Dalam kesempatan tersebut, Syahrial menekankan bahwa Riau memiliki potensi ekonomi yang besar, namun belum sepenuhnya dioptimalkan. Ia menyebutkan, pertumbuhan ekonomi Riau pada 2025 mencapai 4,79 persen dengan kontribusi sekitar 5,08 persen terhadap perekonomian nasional.
"Dengan PDRB mencapai Rp1.201 triliun, Riau menjadi terbesar keenam nasional dan kedua di luar Jawa," ujarnya.
Meski demikian, ia mengakui masih terdapat tantangan, terutama pada struktur ekonomi yang masih didominasi sektor primer dan perdagangan, sementara hilirisasi belum berjalan maksimal. Dari sisi investasi, realisasi pada triwulan I 2026 tercatat sebesar Rp12,85 triliun.
"Ini menunjukkan potensi kita besar, tetapi dorongan ekonomi terutama dari investasi masih harus diperkuat," katanya.
Syahrial menegaskan bahwa pemerintah tidak bisa bekerja sendiri dalam mendorong transformasi ekonomi.
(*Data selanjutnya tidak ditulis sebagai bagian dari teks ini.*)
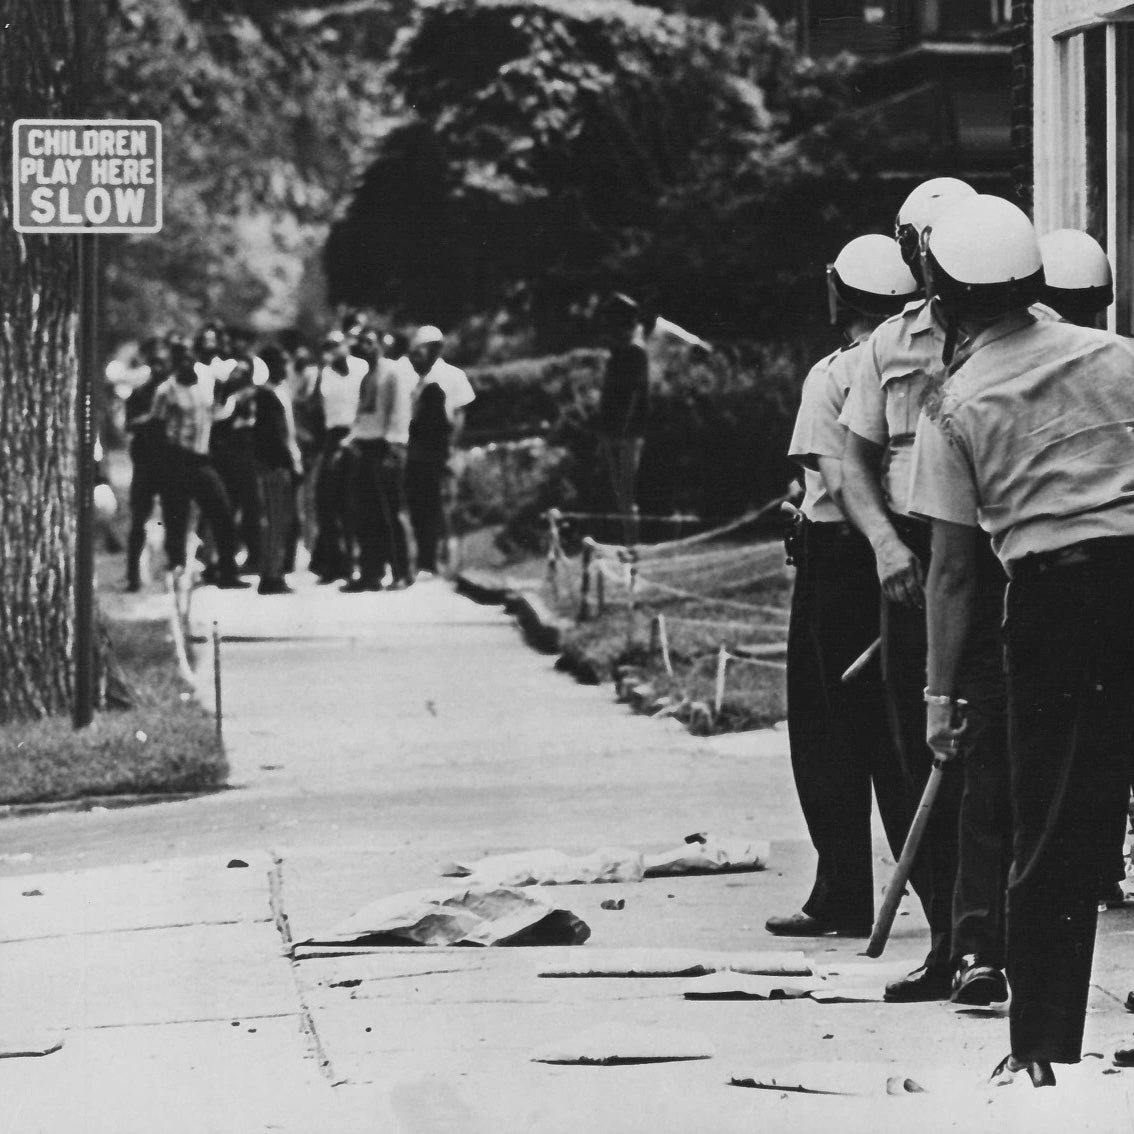 Detroit Under Fire: Police Violence, Crime Politics, and the Struggle for Racial Justice in the Civil Rights Era
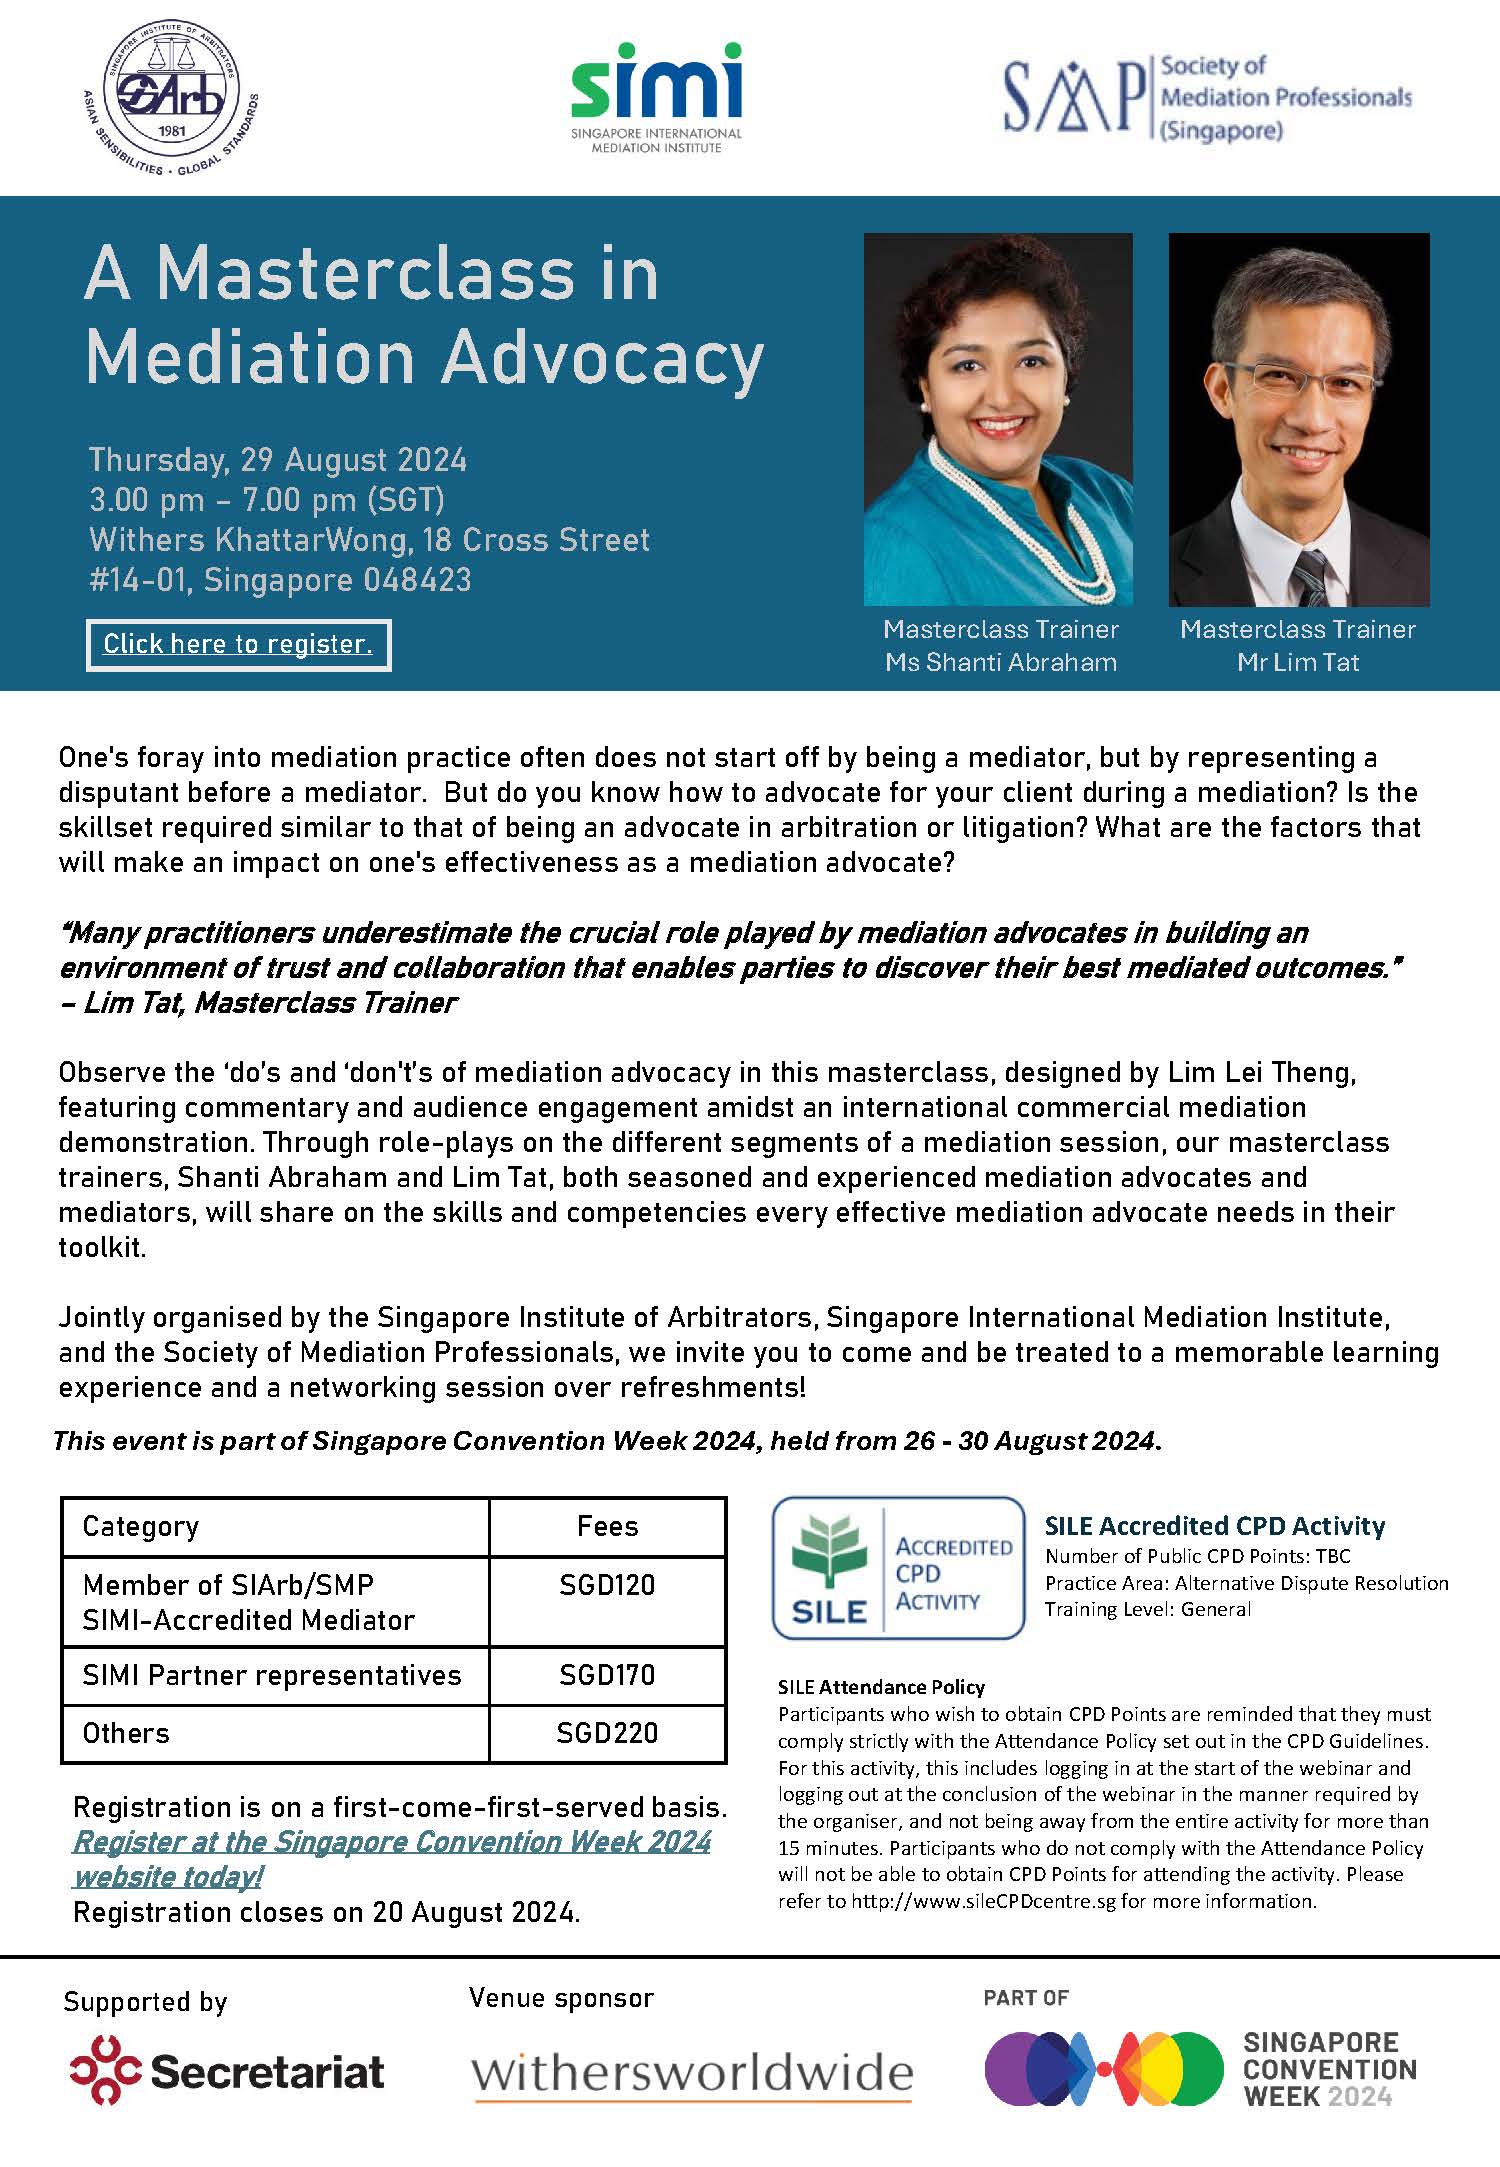 A Masterclass in Mediation Advocacy Flyer 24 July 2024 Page 1

Ia menyebut HIPMI sebagai salah satu aktor penting dalam menggerakkan dunia usaha.
"Transformasi ekonomi hanya bisa terjadi jika dunia usaha bergerak, dan HIPMI adalah salah satu aktor utama di situ," jelasnya.
Ia pun mendorong HIPMI untuk mulai merambah sektor hilirisasi, seperti industri pengolahan sawit, turunan migas, serta pengolahan hasil perkebunan dan perikanan.
"Di situlah letak nilai tambah ekonomi Riau yang harus dimaksimalkan," tambahnya.
Selain itu, HIPMI juga diminta memperkuat investasi daerah, khususnya melalui peran pengusaha lokal dalam mendorong Penanaman Modal Dalam Negeri (PMDN) yang saat ini mencapai Rp9,6 triliun.
Syahrial juga mengingatkan pentingnya adaptasi terhadap ekonomi masa depan melalui digitalisasi, inovasi, dan ekonomi hijau, serta mendorong HIPMI menjadi pencipta lapangan kerja.
"Ekonomi yang kuat adalah ekonomi yang mampu menyerap tenaga kerja," tegasnya.
Sementara itu, Ketua Umum BPD HIPMI Riau, Migo Mufartha, menyatakan komitmennya untuk memperkuat ekonomi dari level bawah melalui penciptaan pelaku usaha baru.
"Selama kepengurusan kami tiga tahun ini, kami menargetkan menciptakan seribu UMKM baru agar roda ekonomi di bawah terus berputar," ujarnya.
Ia menilai penguatan sektor akar rumput akan berdampak besar terhadap pertumbuhan ekonomi secara berkelanjutan, sekaligus mendukung target nasional.
"Ke depan, HIPMI Riau akan tetap menjadi mitra strategis pemerintah daerah untuk menampung aspirasi pelaku usaha di daerah dan mengubahnya menjadi peluang," tutupnya.